◆ What to work on ◆
In the copy, include all of the listing exactly and none of its pictures.

◆ Available data ◆
++++++

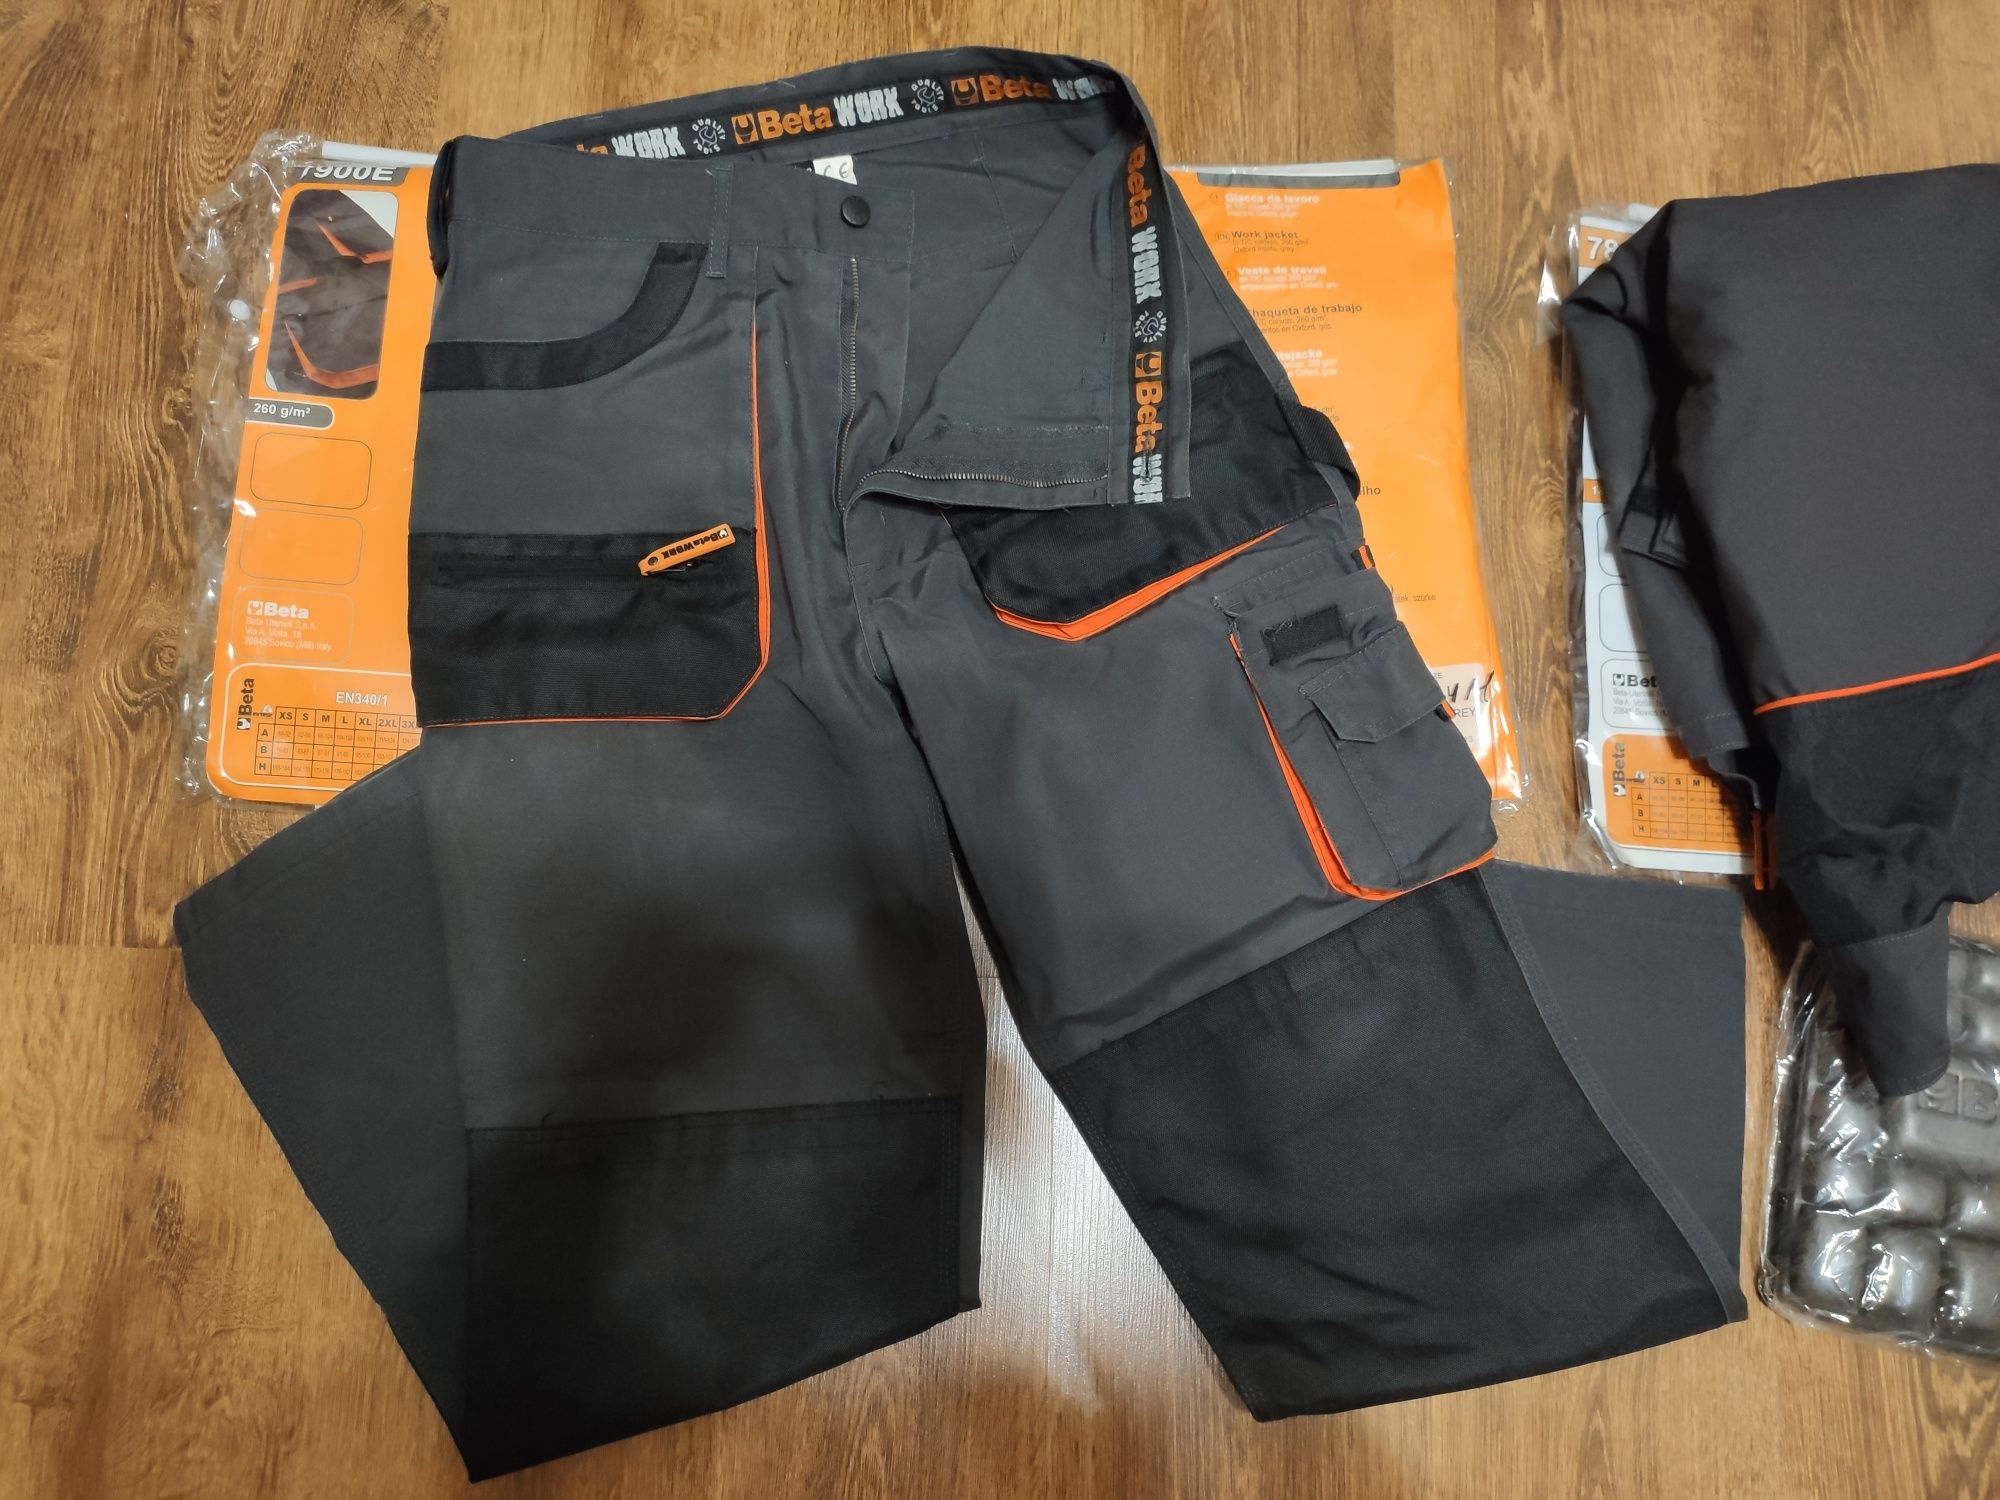 Spodnie Beta work 7900E 
Gramatura 260g/m2 
Rozmiar M nr  0902
Cena 85

++++++

◆ Output for this exercise ◆
 Spodnie Beta work 7900E 
Gramatura 260g/m2 
Rozmiar M nr  0902
Cena 85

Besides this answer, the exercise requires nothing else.